On the NFDC side there is expected to be 25-30% affordable housing while in the NPA it is 50-50.
Tamsin said: “This is not going to be a giant West Quay. We want local shops, cafes, restaurants and bars. Not lots of chains. That is very much what this development is about. Giving people somewhere they can live and work – we hope to create around 2,000 jobs here.
“There will be 1,500 homes of which 1,380 are on the district council side. At the heart of the town will be one-bedroom apartments and three to four-bedroom homes. There will no high rise buildings.
“On the NPA side it will be very much a village feel, houses that look like they could be in Buckler’s Hard with ponies grazing outside them, something we are hoping to encourage in the future.
“At the moment there are horses and other animals that graze near the beach and we are investigating ways of allowing them access to the village – one way is with the use of tunnels.”
In the southern quarter area there will be homes similar to those you find in Captains Row at Lymington. Nearer the centre of the development they will be more modern.

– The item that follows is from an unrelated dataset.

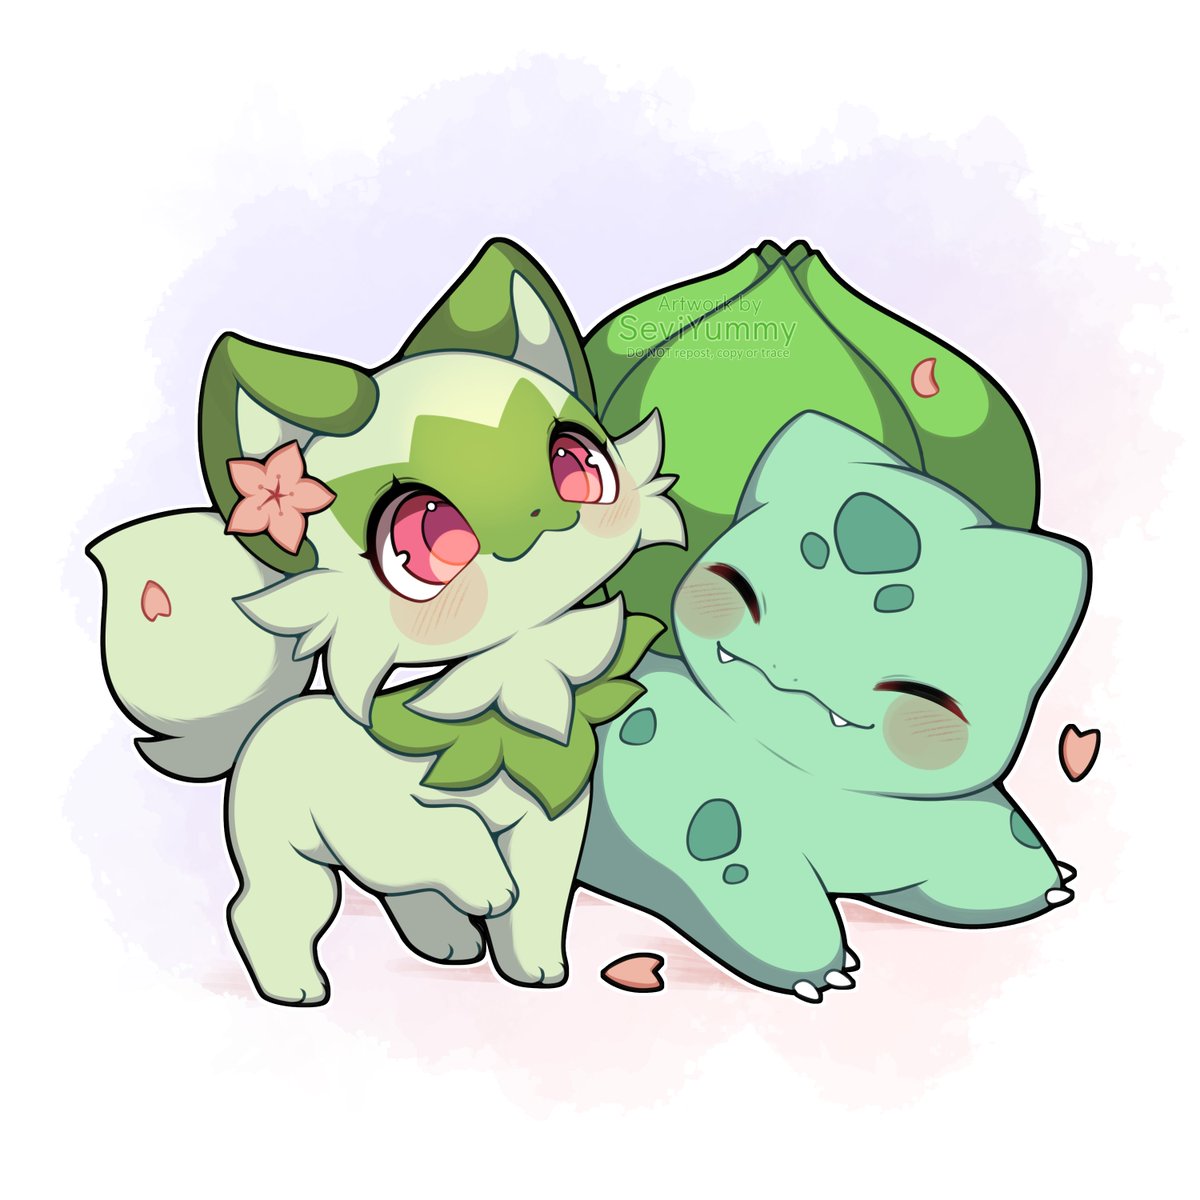 bulbasaur pokemon (creature) no humans closed eyes fangs closed mouth blush smile  illustration images

Tamsin said: “The key to the success of the development is a really good mix of people – old, young, singles and families.
“This is not aimed at second home ownership, that isn’t what the investors want. They don’t want it to be like Cornwall where you get villages that are virtual ghost towns in the winter.
“They want this to be for everyone. The existing footpaths around the plant will be improved and cycle paths will be a big part of our infrastructure.”
Apart from the retail units and homes there will also be industrial areas, work stations for start-ups and small businesses – high-speed broadband is considered a vital part of the development – a hotel and luxury marina.
At the moment only one main road services the site – the busy A326 which locals fear will become even more congested once the development starts.
Tamsin said the company is working with Hampshire County Council on ways to improve traffic flow.
“A worst-case scenario shows that in 20 years’ time there will be 5% more traffic on the road. Junction improvements is one solution being discussed. We are also looking at improving public transport links,” she explained.
Leaving the site it seems sad that the tower and the circular control room will soon be no longer – English heritage decided they did not warrant being listed.
They may have started out as ugly but in a way they have a beauty all of their own.